**Work task:** Could you restate the data below word for word, without its pictures?

**Dataset section:**
************

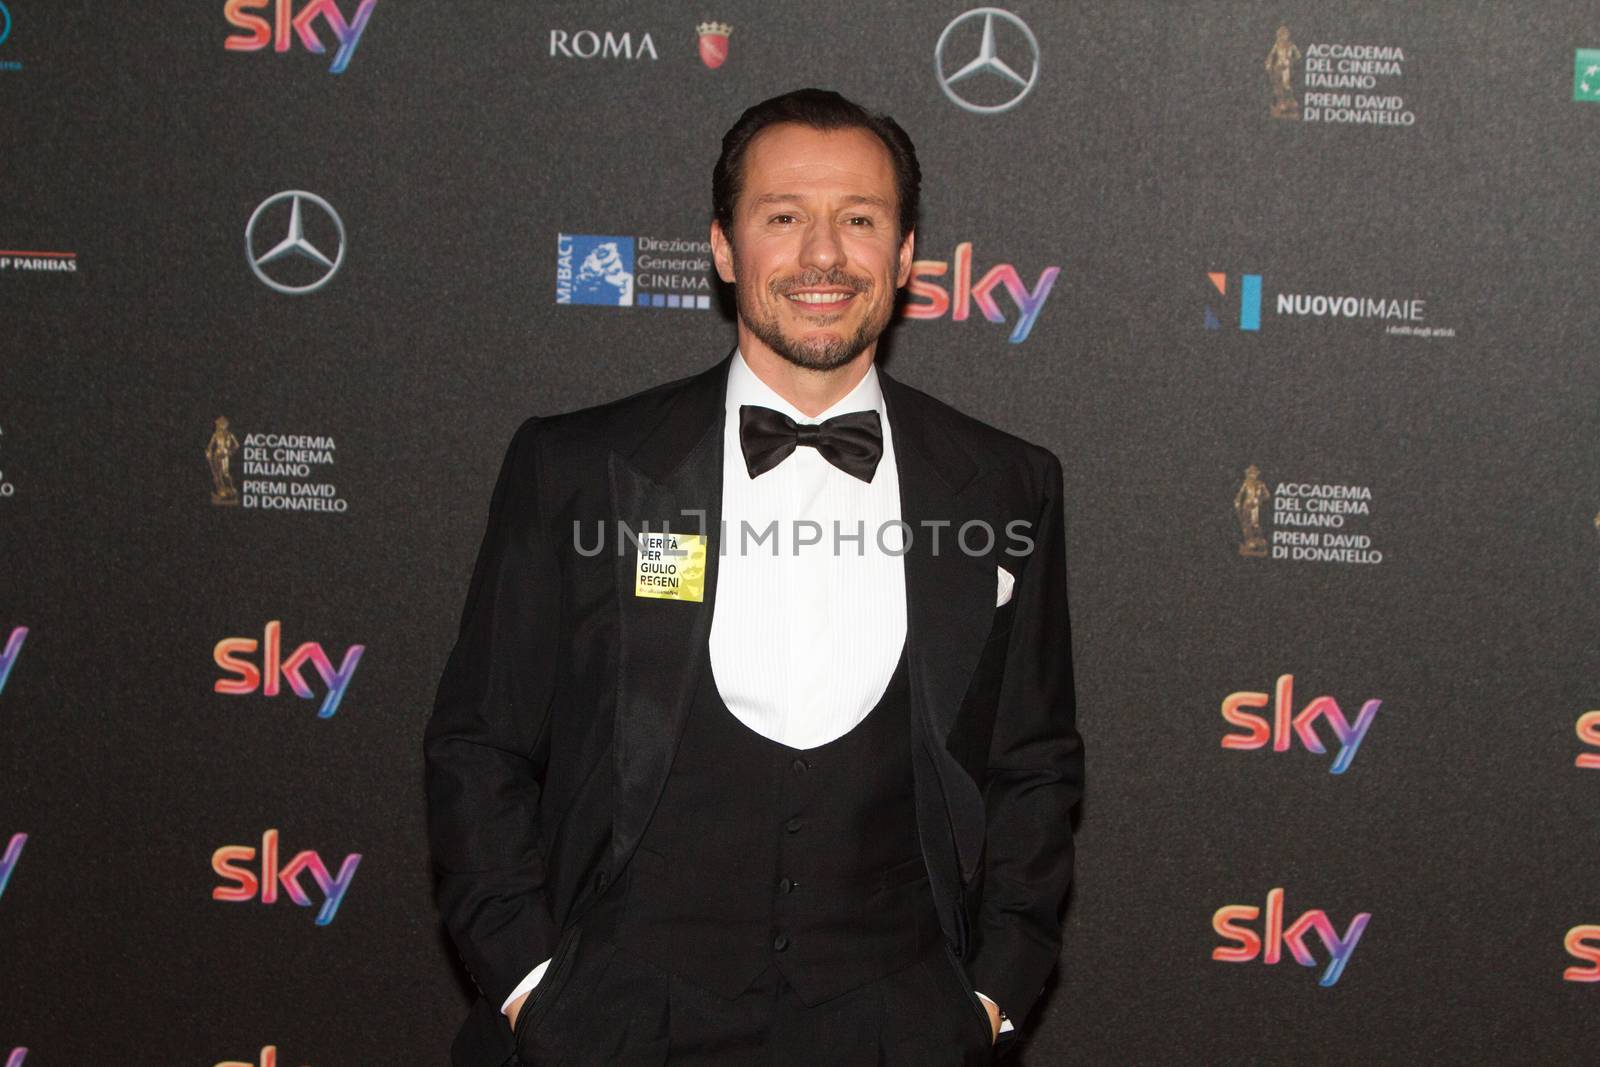 ITALY, Rome: Actor Stefano Accorsi attends to the red carpet of David di Donatello awards ceremony on April, 18, 2016 in Rome, Italy.
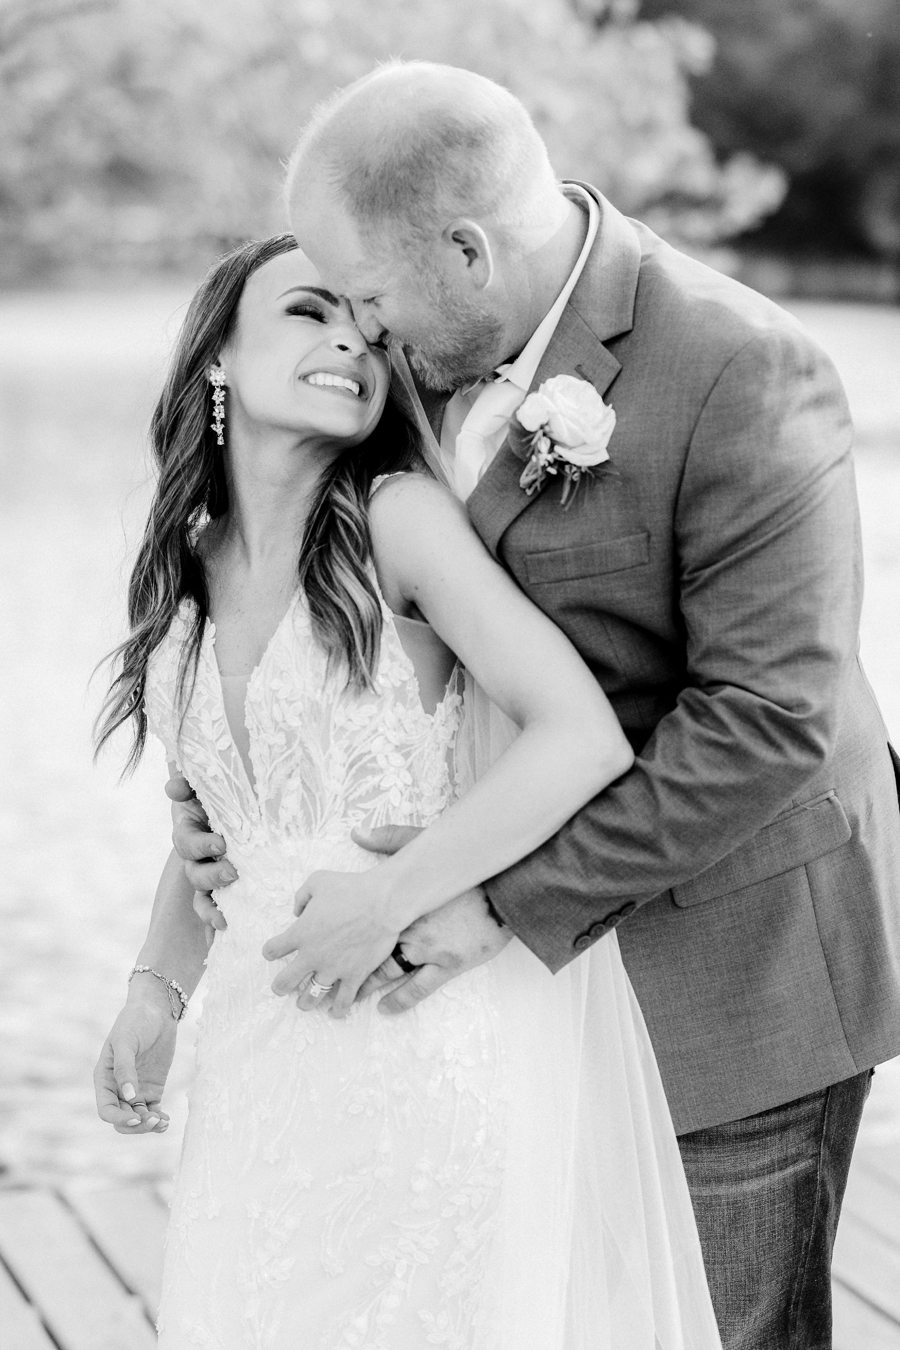 A Wildcliff Wedding in Blackwater, Missouri by Columbia, MO photographer Love Tree Studios.
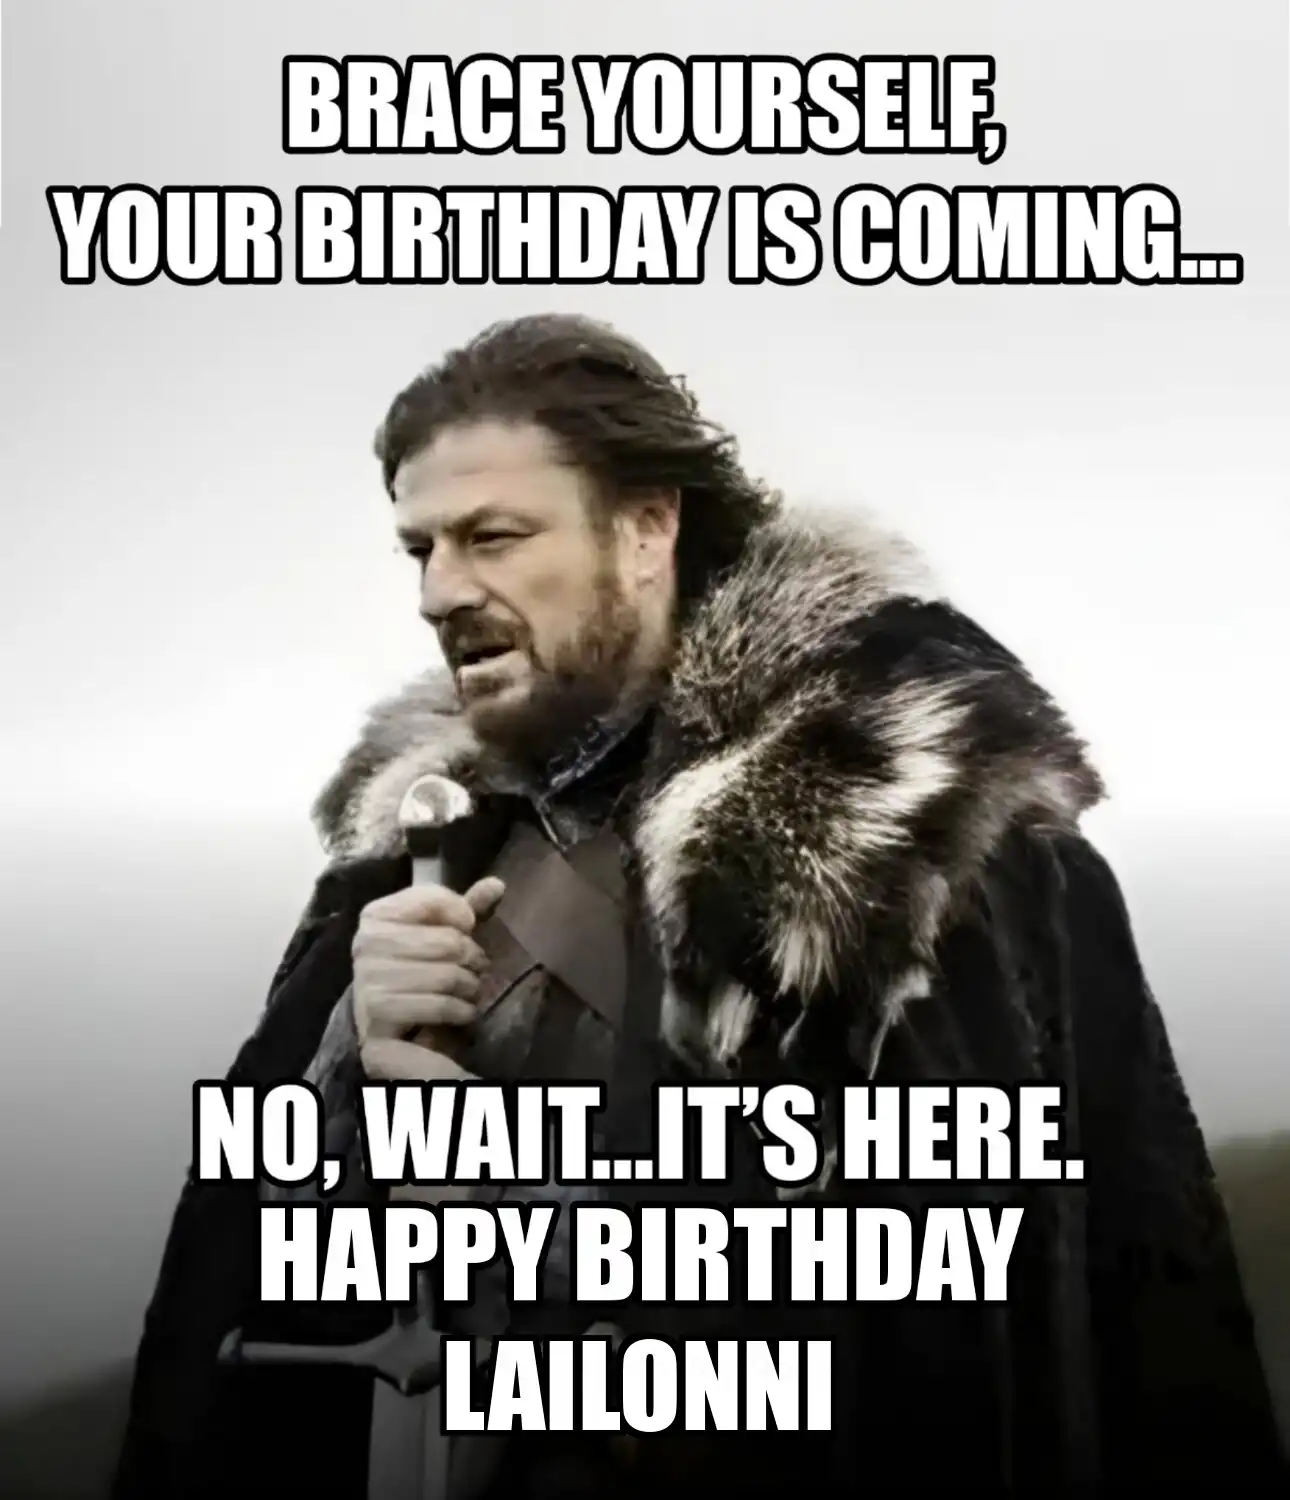 Happy Birthday Lailonni Brace Yourself Your Birthday Is Coming Meme

************

**Exercise answer:**
 ITALY, Rome: Actor Stefano Accorsi attends to the red carpet of David di Donatello awards ceremony on April, 18, 2016 in Rome, Italy.
 A Wildcliff Wedding in Blackwater, Missouri by Columbia, MO photographer Love Tree Studios.
 Happy Birthday Lailonni Brace Yourself Your Birthday Is Coming Meme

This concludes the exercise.